THE FIRST PARAGRAPH GIVES EVIDENCE TO CONRAD BLACK’S IDIOCY: ” I am not one of those whom she can possibly include as making an ad hominem attack on her; I don’t know her, and have never commented on her as a person. She expends considerable space and robust vocabulary attacking “conventional, tightly blinkered historiography” and especially historians from several eminent American universities. Again, this has no possible application to me. I am a stand-alone Roosevelt biographer.”
Wow…no ad-hominem attacks? Is he kidding? In his NRO hissing he did not refute a single one of her assertions but called her “a right wing loopy” who might have “been house trained.” Refined scholars don’t speak that way….maybe convicted fraudsters like him do.
And his comments on Yalta “She ignores the fact that Yalta gave the West all it wanted, including independent and democratic states in Eastern Europe, and that Stalin had to violate that agreement to impose Soviet occupation, starting the Cold War.” He is a historian?
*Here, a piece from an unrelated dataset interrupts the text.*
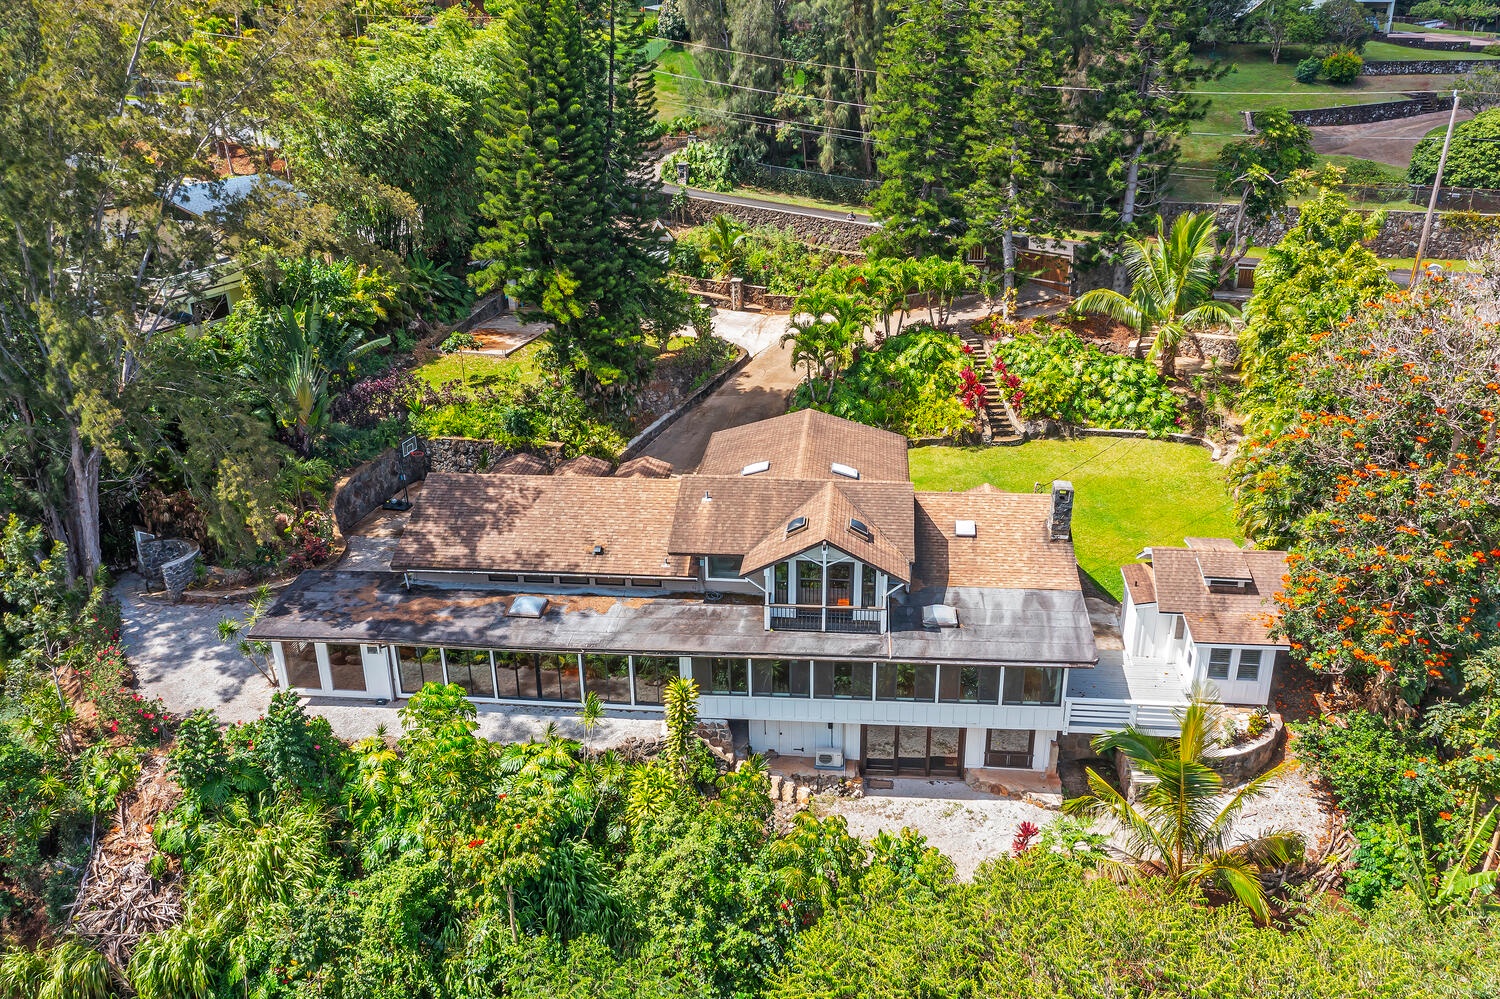 Haleiwa Vacation Rentals, Mele Makana - Overhead view of the home shows the beautiful, natural landscape that surrounds

No he is a stand alone cur….rsk
http://www.nationalreview.com/node/358122/print
Diana West has exercised her right of rebuttal to the heavy barrage of criticism her book American Betrayal attracted, and mentioned my column in this space on the subject several weeks ago as one to which she was replying. I was deemed to be in the “echo chamber” of a number of critics most of whose comments I have not read. Her book made some startling assertions and attracted severe rejoinders, including mine. I don’t know most of those whom she purports to contradict, and I will not join the minute, line-by-line connection she draws between passages of her book and specific charges by Ron Radosh. I am not one of those whom she can possibly include as making an ad hominem attack on her; I don’t know her, and have never commented on her as a person. She expends considerable space and robust vocabulary attacking “conventional, tightly blinkered historiography” and especially historians from several eminent American universities. Again, this has no possible application to me. I am a stand-alone Roosevelt biographer.
The basic rebuttal process she uses, of miring the exchange in dogmatic argument about the precise meaning of particular words, is a time-honored method of breaking even in the opinion of readers and onlookers by boring everyone in equal-opportunity, no-fault, total-immersion nitpicking. But it is not really successful. Ms. West rises up like a cobra in self-righteous anger at the imputation to her of the opinion that “the FDR administration was ‘run’ by Soviet agents.” But she affirms that “the strategic placement of hundreds of agents of Stalin’s influence inside the U.S. government and other institutions amounted to a de facto occupation. . . . The vast and deep extent of Communist penetration, heretofore denied, had in fact reached a tipping point to become a de facto Communist occupation of the American center of power.”
Precisely these words were among those to which I objected. There were Communist sympathizers and outright Soviet agents in all American administrations from Woodrow Wilson to George H. W. Bush, as there were in all foreign governments (and as there were Western agents in the Soviet government, because naturally and ideologically adversarial regimes do spy on one another), and there were probably more such agents in the Roosevelt administration than in other American governments, which is unsurprising given economic conditions in the Thirties and the common war effort from 1941 to 1945. But there is no evidence, in Ms. West’s book or elsewhere, that they materially influenced policy, any of them, on either side.